Pastor and overall stud (stud here meaning cool, smart guy not virile attractive guy) Andy Stanley espouses an idea I’ve long agreed with. The idea is that we ought to think in terms of steps, not programs in the church. An important aspect of these steps is that they are easy, strategic, and obvious.
The church, for Stanley, is not a hodge-podge buffet of different things for Christians to do based on their mood or outside interests. His ideal church wouldn’t be this place that Christians can go and do Christianized versions of all the things the secular things they’d rather be doing.
His idea is basically that we identify where people are, what we want them to become, and then figure out how we get them from point A to point B. We don’t give people stuff to do (programs) we recognize the next things they need to experience (steps).
Here’s how this looks on the ground: our church has decided that small groups are the places where people are most likely to experience growth. If people aren’t joining our small groups, our job becomes figuring out a way to get people into them: giving them intermediate steps that will ease them toward this destination.
Stanley talks about how these steps need to be easy, strategic, and obvious.
I’ve recently come to a realization about these ideas. This realization is probably incredibly obvious. I bet Stanley figured it out years ago. But I haven’t seen anybody express this idea, so I thought it was worth while for me to.
My realization is that their is a flip side to all this.
If we begin with the premise that a church is obliged to set up easy, strategic, and obvious steps in the direction it wants to lead members, then a second idea follows.
The implication:
we need to beware of accidentally setting up easy and obvious steps in the direction that are opposite of where we want to go.
If I was cutting a path in a jungle, I’d want to be wary of an animal path that looked like the real path and which lead to a lion’s den. I’d want not only for my path to lead people toward the destination I hope for them: I’d want to be sure that they didn’t accidentally end up in a bad place. And maybe the fake trail wouldn’t even lead to somewhere dangerous, maybe it would only lead away from the best destination, maybe it would just peter out into nothing. This still wastes time, enthusiasm, and faith in my ability as a leader.

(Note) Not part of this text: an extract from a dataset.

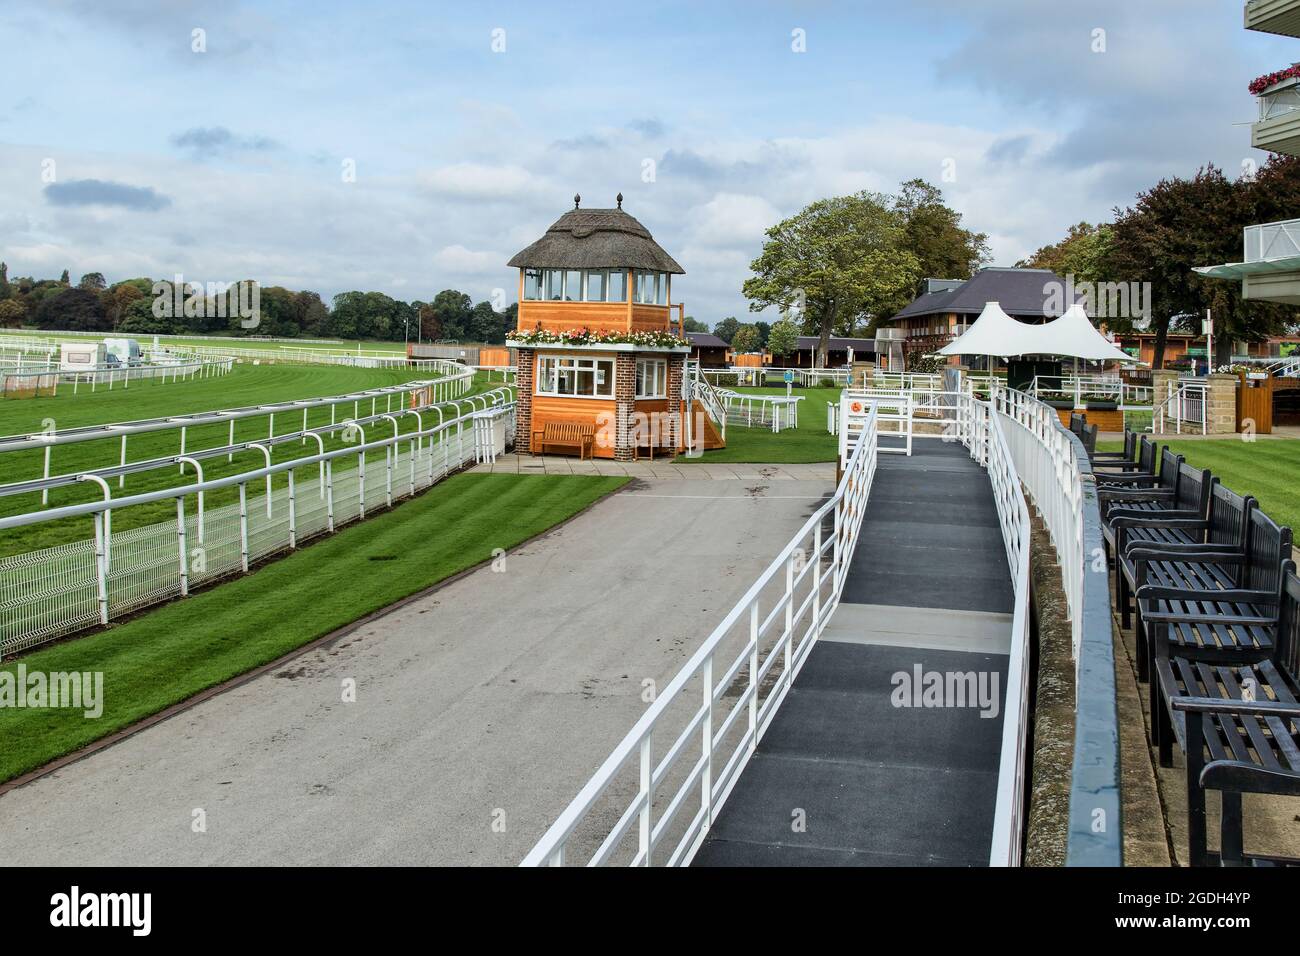 The York Racecourse's wooden tower, located just across from the Melrose Grandstand, Knavesmire Road, York, North Yorkshire, England, UK. Stock Photo

On a concrete level, what does all this mean?
Well, if I begin with the idea that mantaining membership within the same small group is an important step in spiritual growth, I want to do my best to eliminate any accidental but easy steps away from this goal.
Transitions in leadership, for example, are times when it is natural for people to say “hmmm, I was about ready for a break, anyway.” There are larger issues involved, of course… These include how well the group was run previously, how well people expect the new leader to do, and perhaps most of all, what sort of things people think they will be able to do with the night they currently spend at small group.
Sometimes it’s really hard, setting regular time aside to meet. It’s common to rationalize that we’ll continue to see people, that if we left the small group we’d actually have more time to meet with people, to fellowship and evangelize.
It’s a bit like attending a Sunday church service. I hear many, many people say “I don’t need to go to church to worship God. And it’s shallow to think we’re only supposed to worship for a couple hours a week.”
The fallacy of this thinking lies in the assumption that attending a small group or a weekly church service set an upper limit on our worship, fellowship, etc. The reason that attendance is so valuable is that it sets a lower limit.
Committed attendance to these things guarentee that we’ll spend atleast a few hours, not at most a few hours, worshipping, fellowshipping, etc.
Maybe this is more clear if we think about the promising high school graduate many of us have known. It makes me crazy to hear somebody say “What? Couldn’t I go back to school later? I don’t ever want to stop learning. If I go to college and get a degree it’ll be like I’ve stopped learning.”
Most of us would agree that a person certainly could go back later. But the question that hasn’t been answered, often, is why not do it now?
Similarly, I totally agree that we shouldn’t limit our worship or fellowship to a couple hours a week. But I think we should certainly prioritize for these things. We should guarentee that they happen, by scheduling them.
I’ve gotten off on a tiny bit of a tangent, but only a bit of one. In a way it does come back to easy, strategic steps.
We can only move one step at a time. And we generally move in the direction that seems like the most easy and most natural.
Outlining steps that are easy and natural is incredibly important.
But the thing that I’m learning is that it’s just as important to recognize the steps that people might take in other directions, away from the destination that I hope and pray for them. Paths occur naturally. Some of them lead nowhere. Others lead to dangerous places. Leading means both leading toward the good and leading away from the bad and the meaningless.
And my thoughts here are really only the tiniest step. It’s much easier to see these paths than to figure out how to keep people off of them.
1 response so far ↓
dionne // August 9, 2008 at 4:36 am |
Jeff… you NOW have more comments than I do. It’s lonely here isn’t it? But you ARE making an impact even if people aren’t commenting. Good thoughts, good writing, (ahem,watch out for spelling and grammer!) and good heart… and darn it, people like you! Take care buddy, take good care!